**Task brief:** Using the data below, print exactly the line with "rami di salice figa soleggiata foto", the line with "Main Photo: 60", and every line between them, but none of the pictures.

**The input:**
[Start of Attachment]
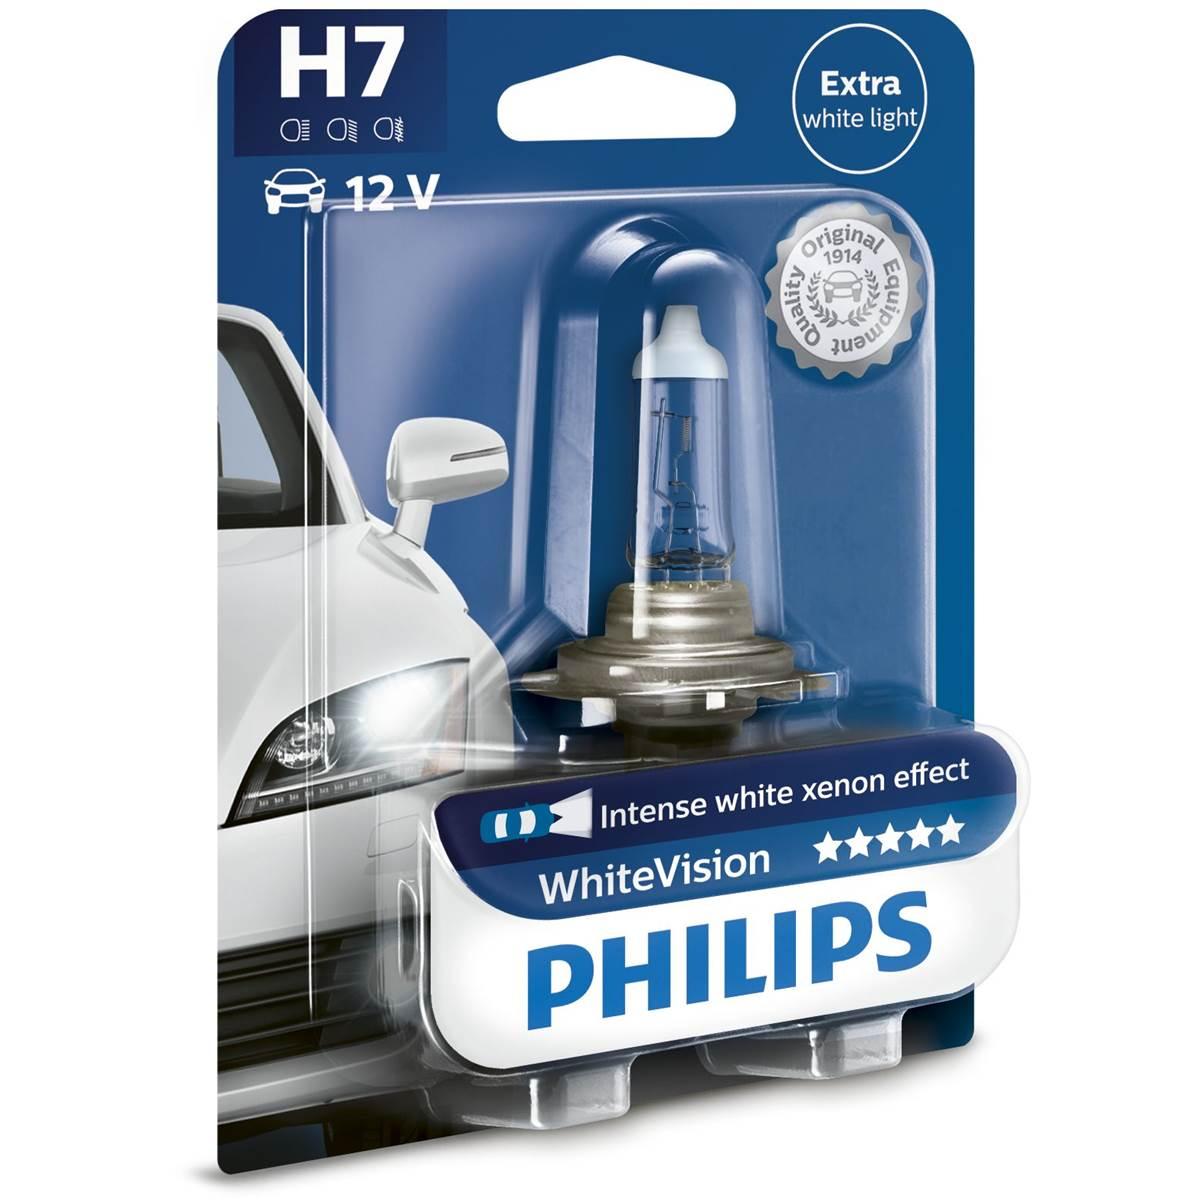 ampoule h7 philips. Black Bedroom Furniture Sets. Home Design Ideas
[End of Attachment]
[Start of Attachment]
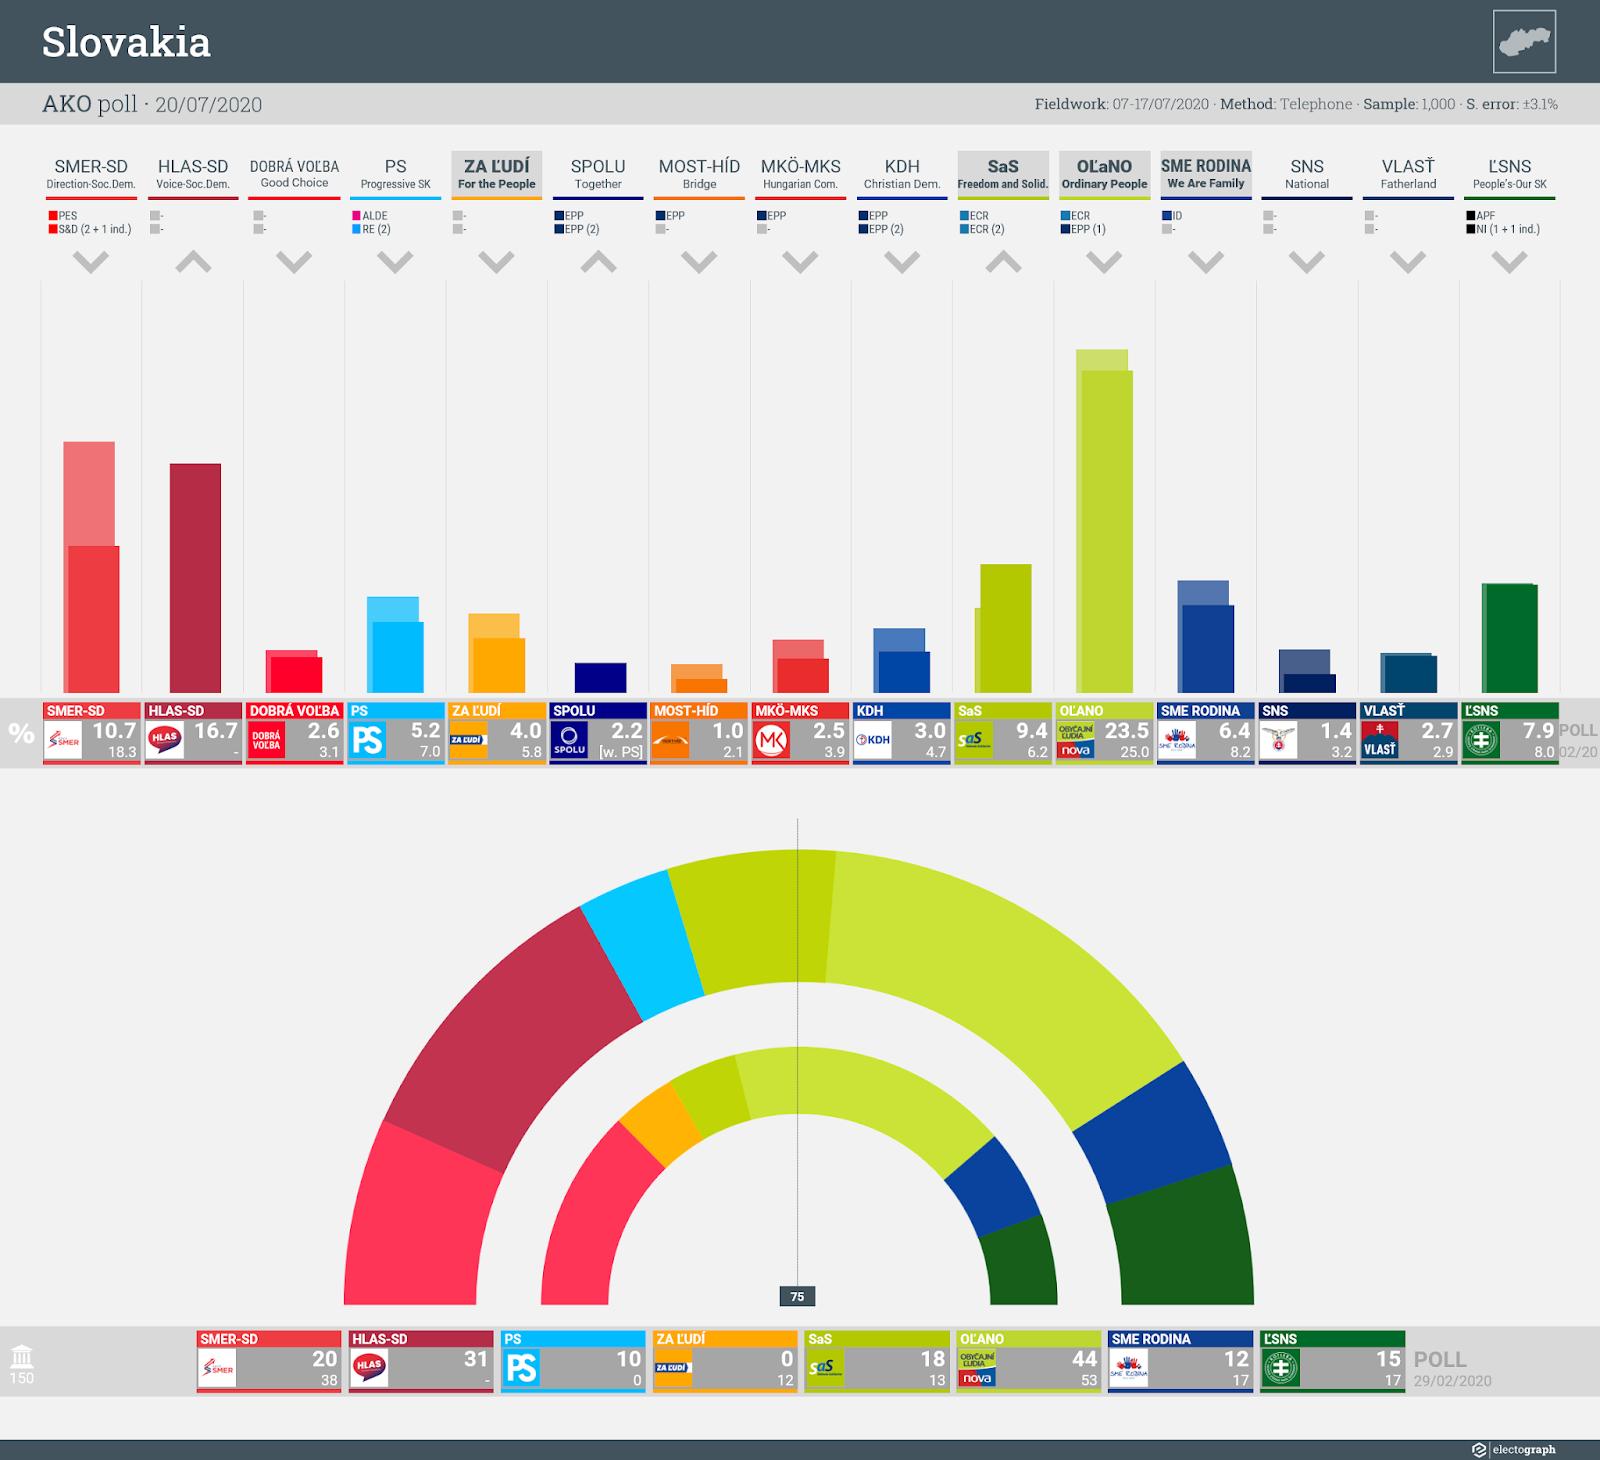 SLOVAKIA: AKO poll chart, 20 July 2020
[End of Attachment]
[Start of Attachment]
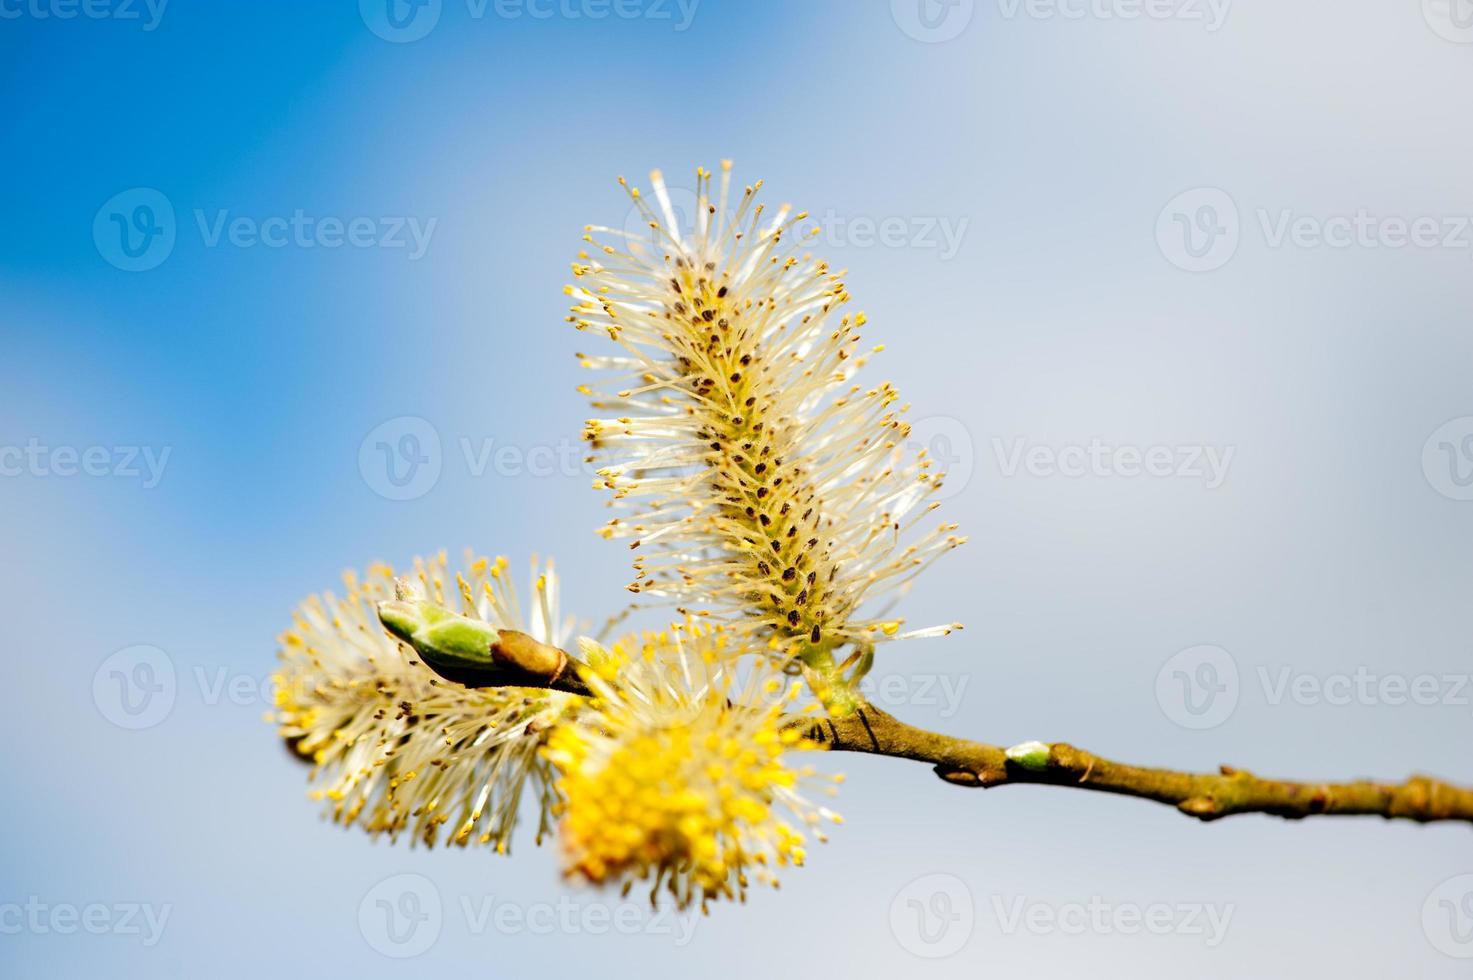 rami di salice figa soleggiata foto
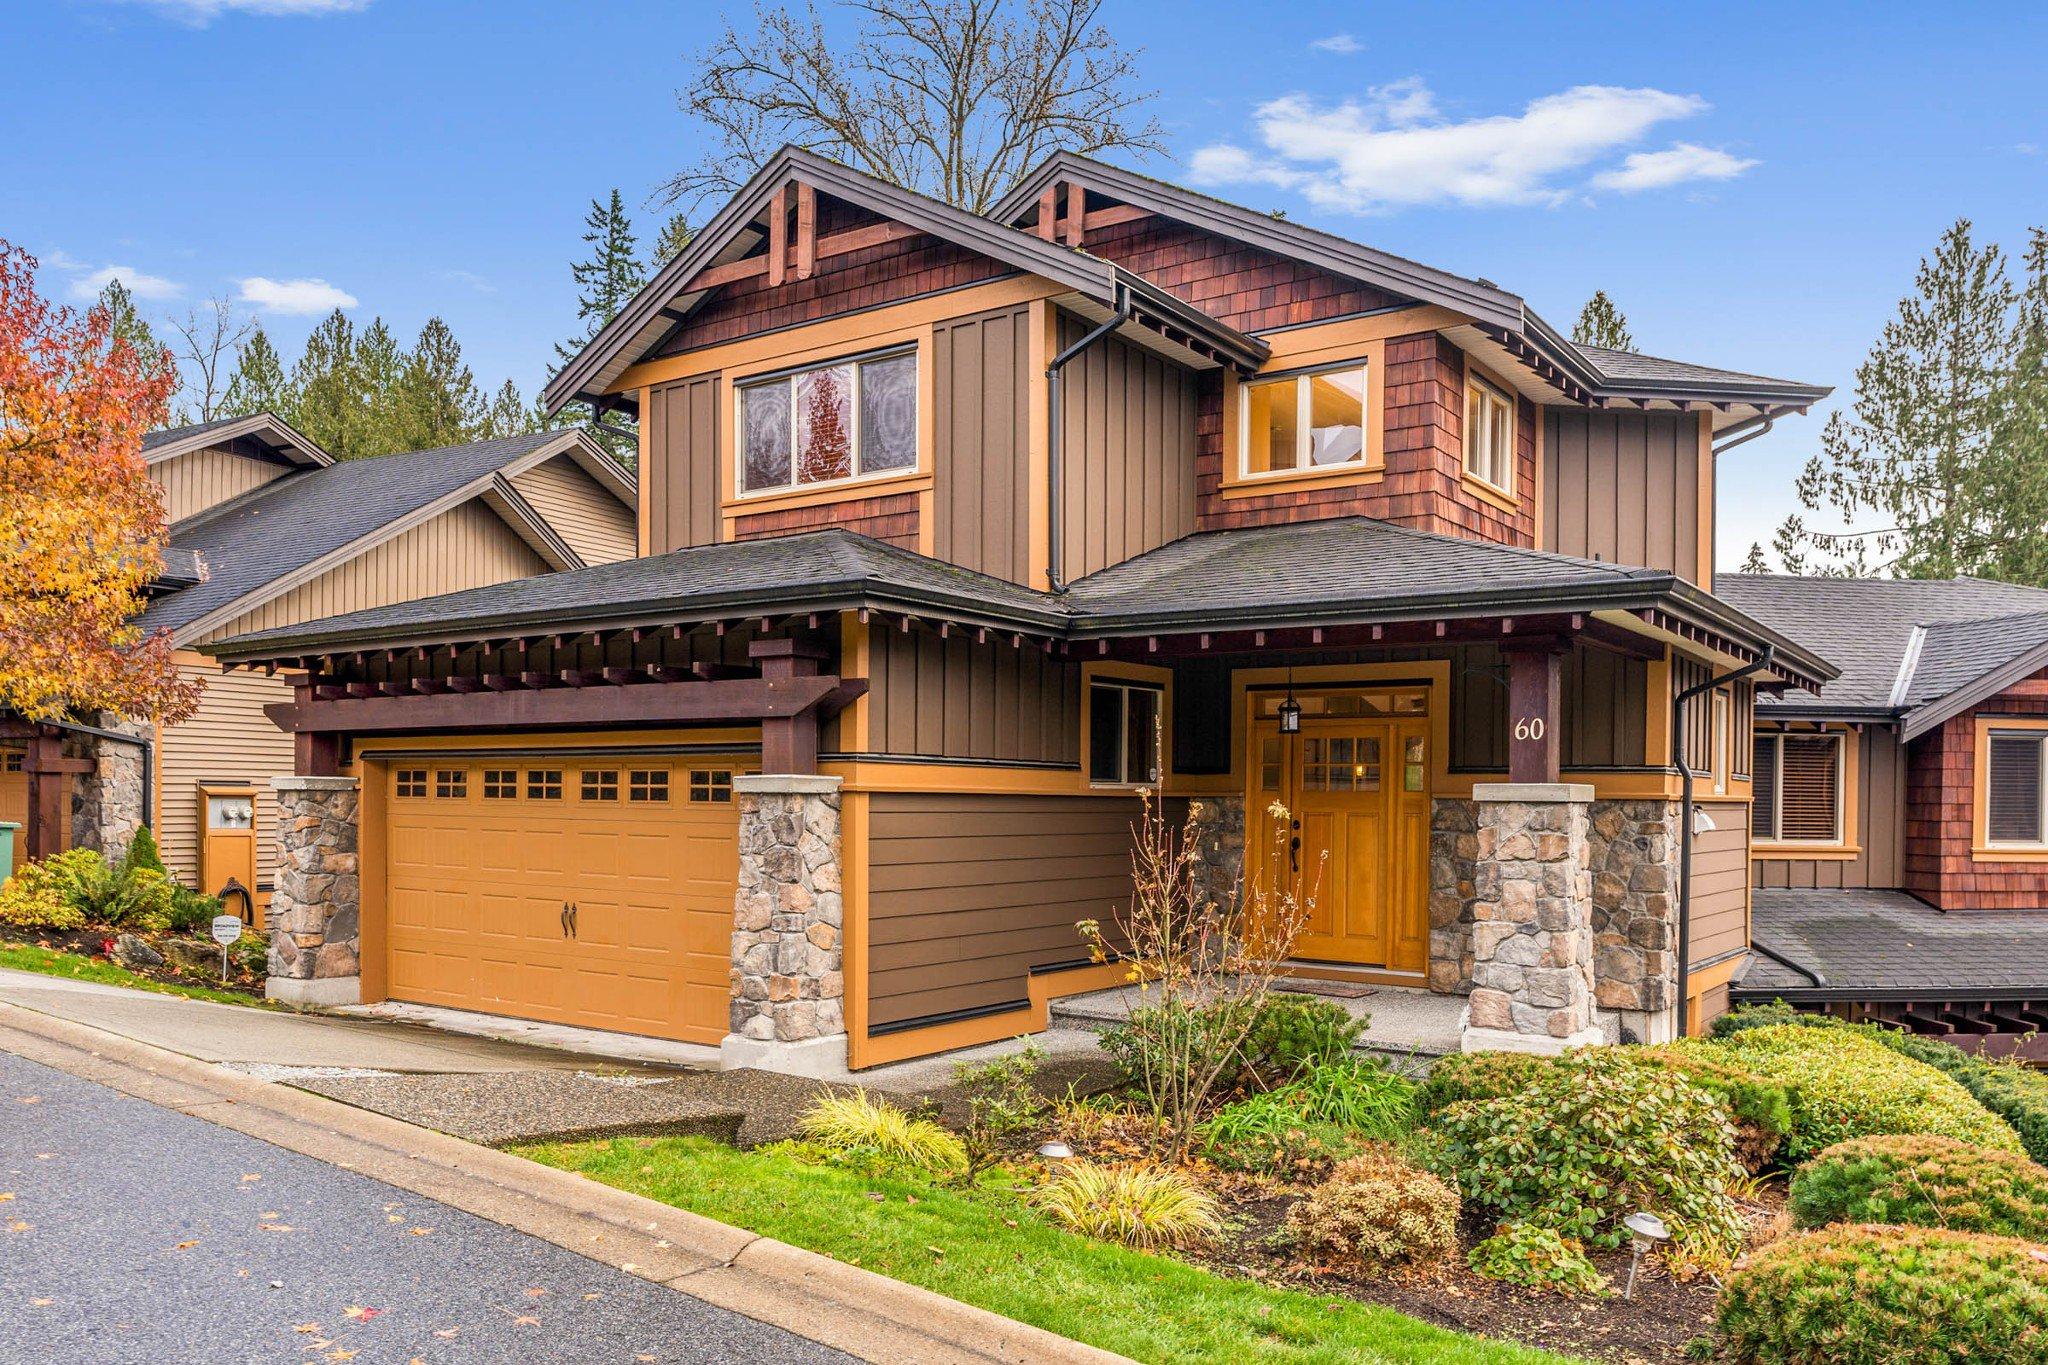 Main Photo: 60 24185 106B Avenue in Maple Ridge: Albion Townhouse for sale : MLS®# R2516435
[End of Attachment]
**Exercise output:**
 rami di salice figa soleggiata foto
 Main Photo: 60 24185 106B Avenue in Maple Ridge: Albion Townhouse for sale : MLS®# R2516435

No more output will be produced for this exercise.